**DATASET EXTRACT**
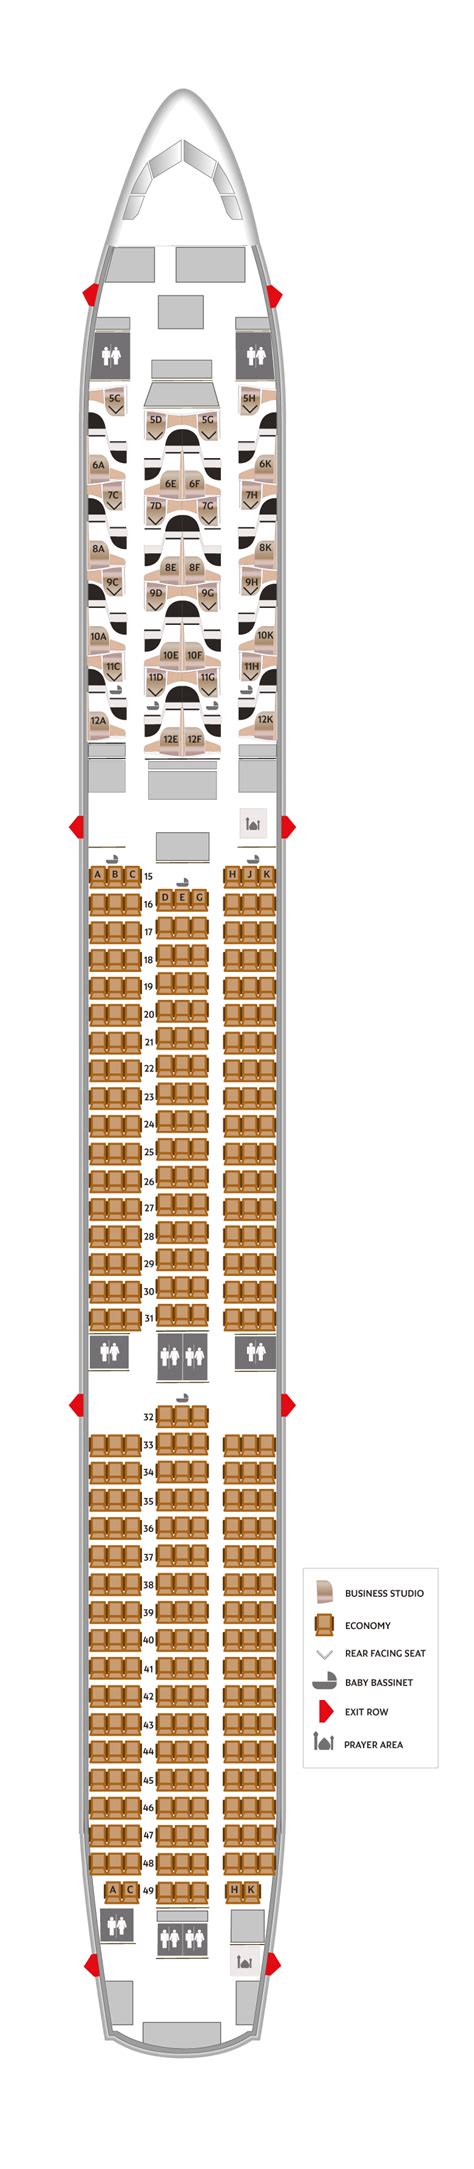 boeing 787-10 dreamliner seating chart
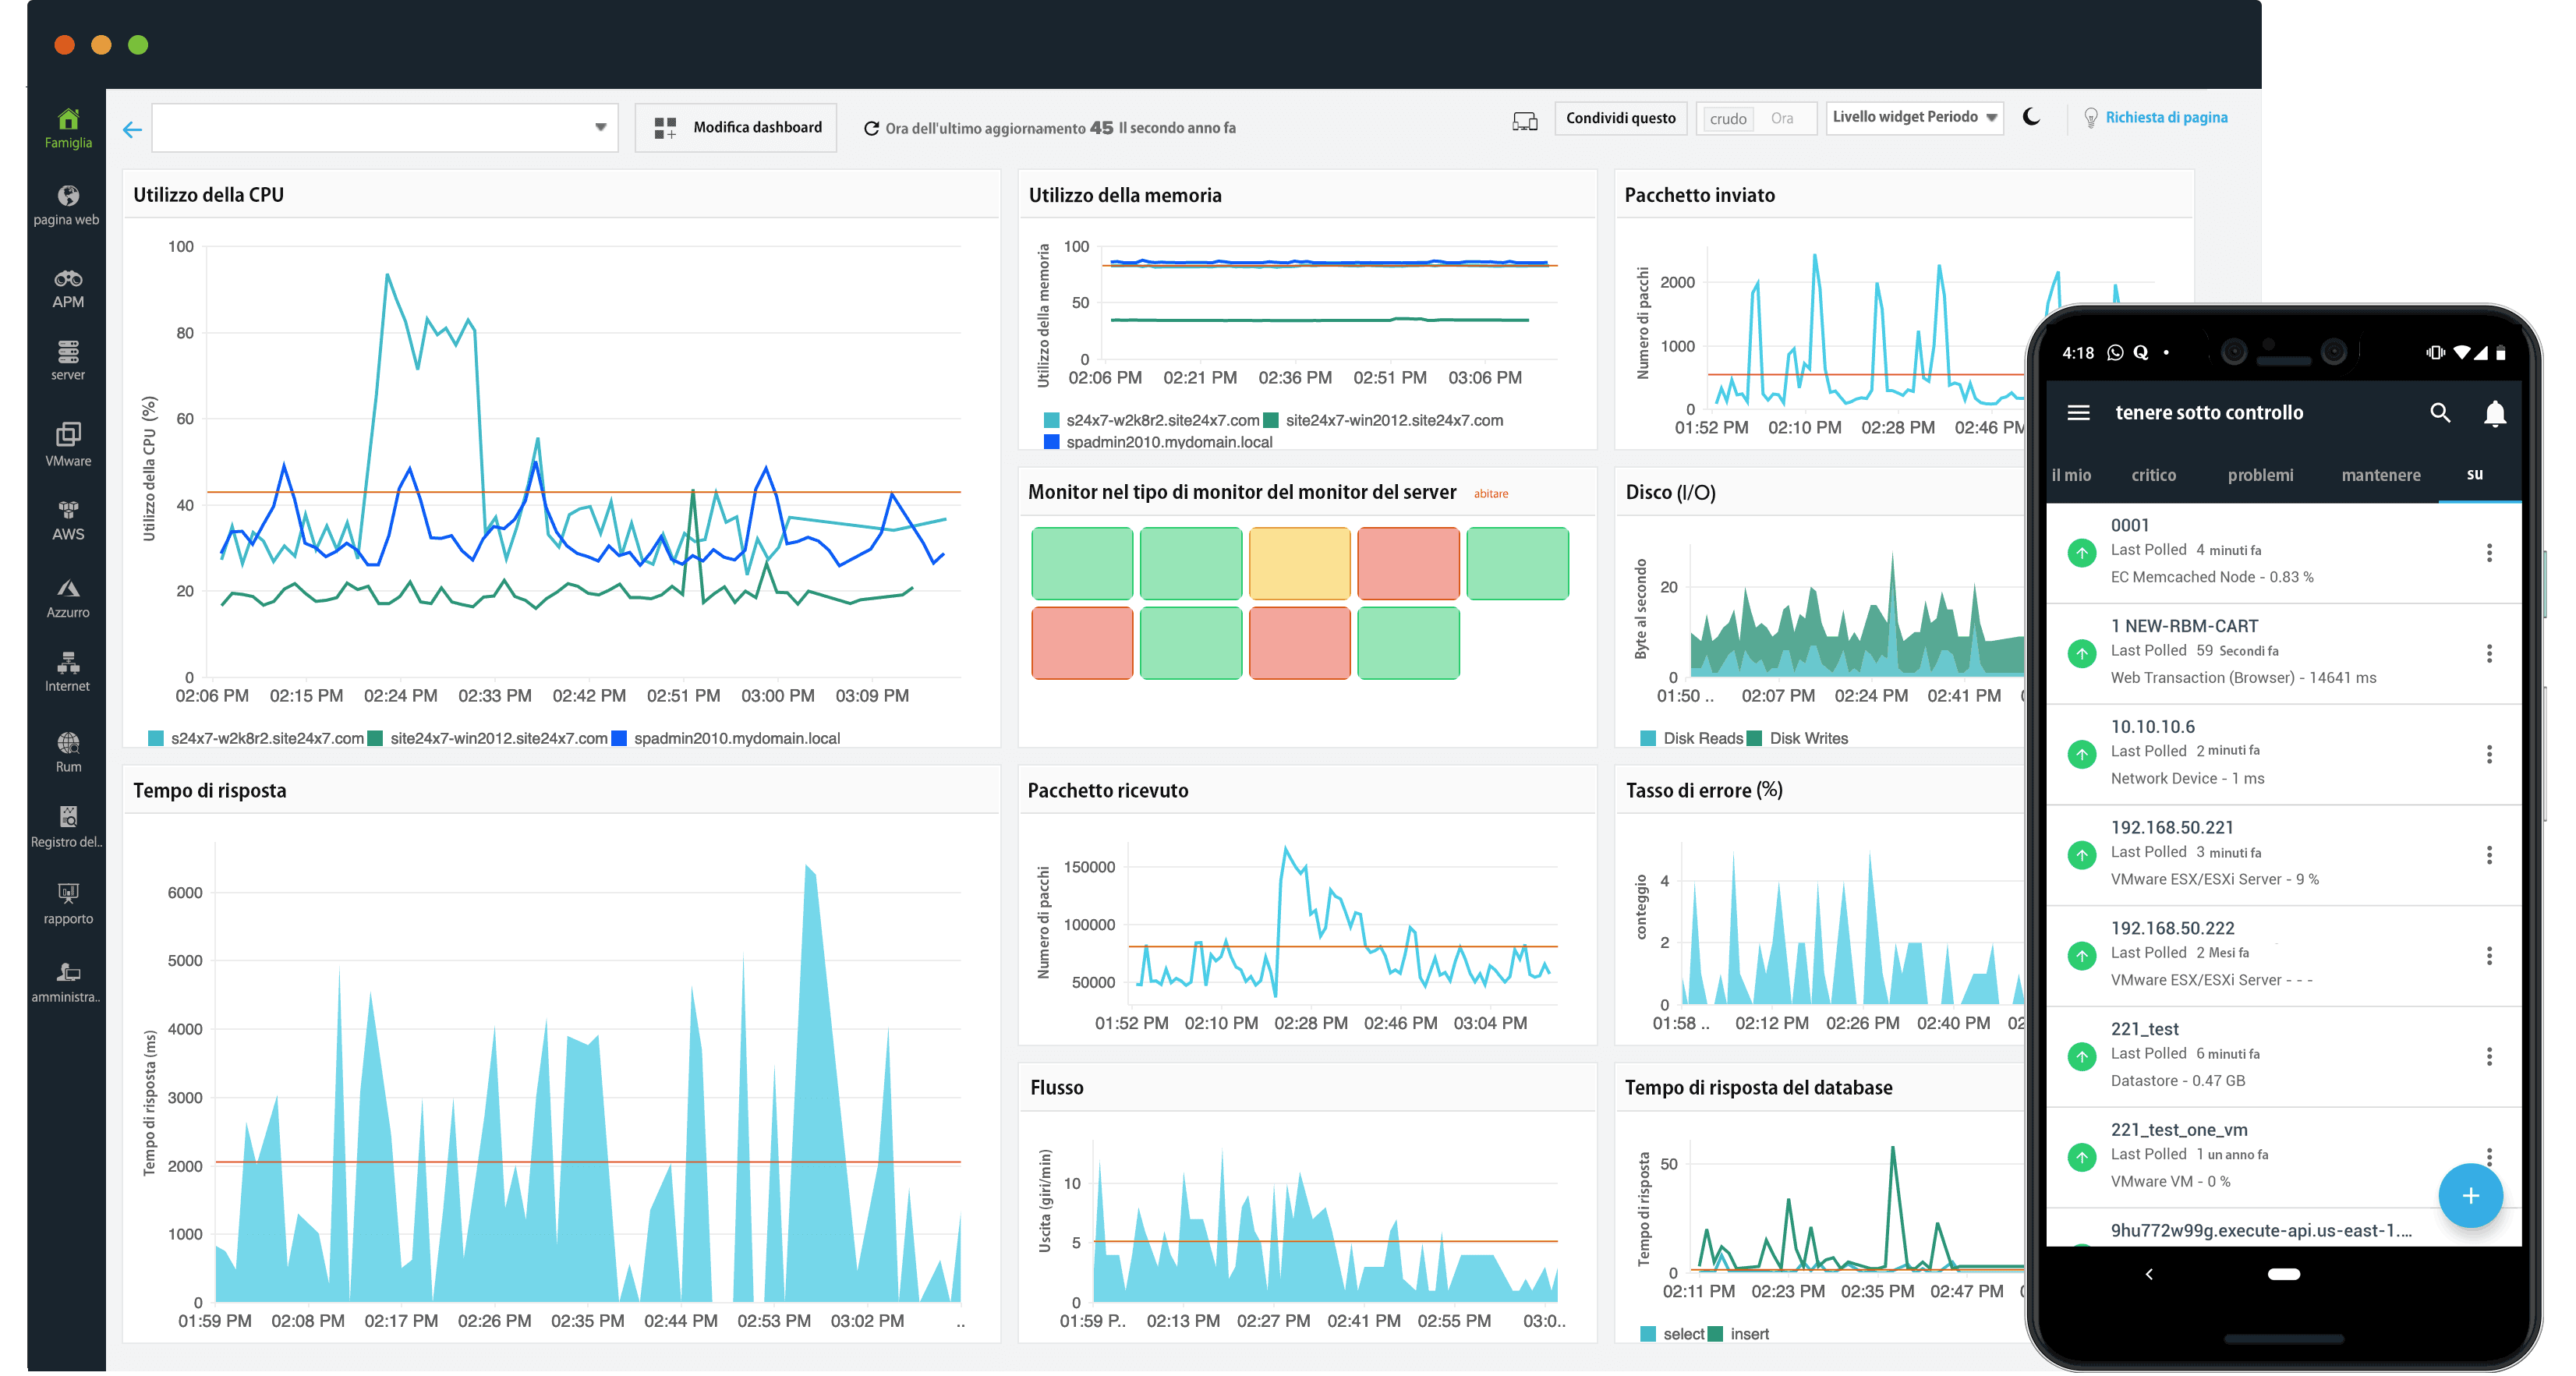 A custom dashboard displaying multiple metrics as time-series graphs
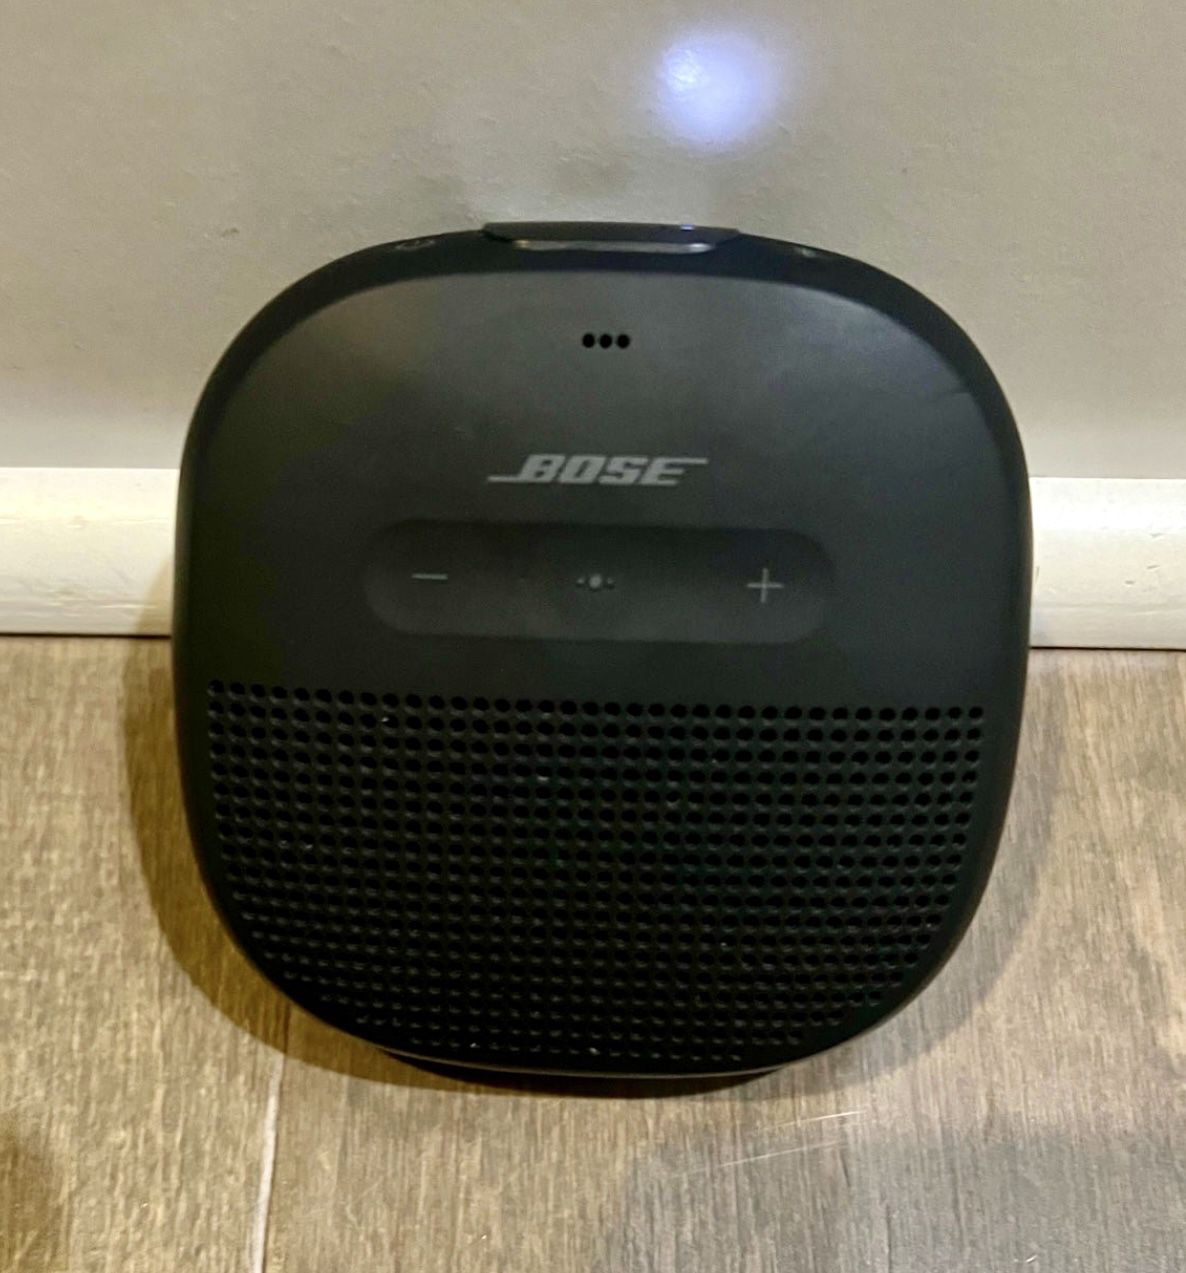 Bose Soundlink Micro portable speaker

**ACTIVITY**
Restate every line above word for word. Do not carry over the images.

**WRITTEN REPLY**
 boeing 787-10 dreamliner seating chart
 A custom dashboard displaying multiple metrics as time-series graphs
 Bose Soundlink Micro portable speaker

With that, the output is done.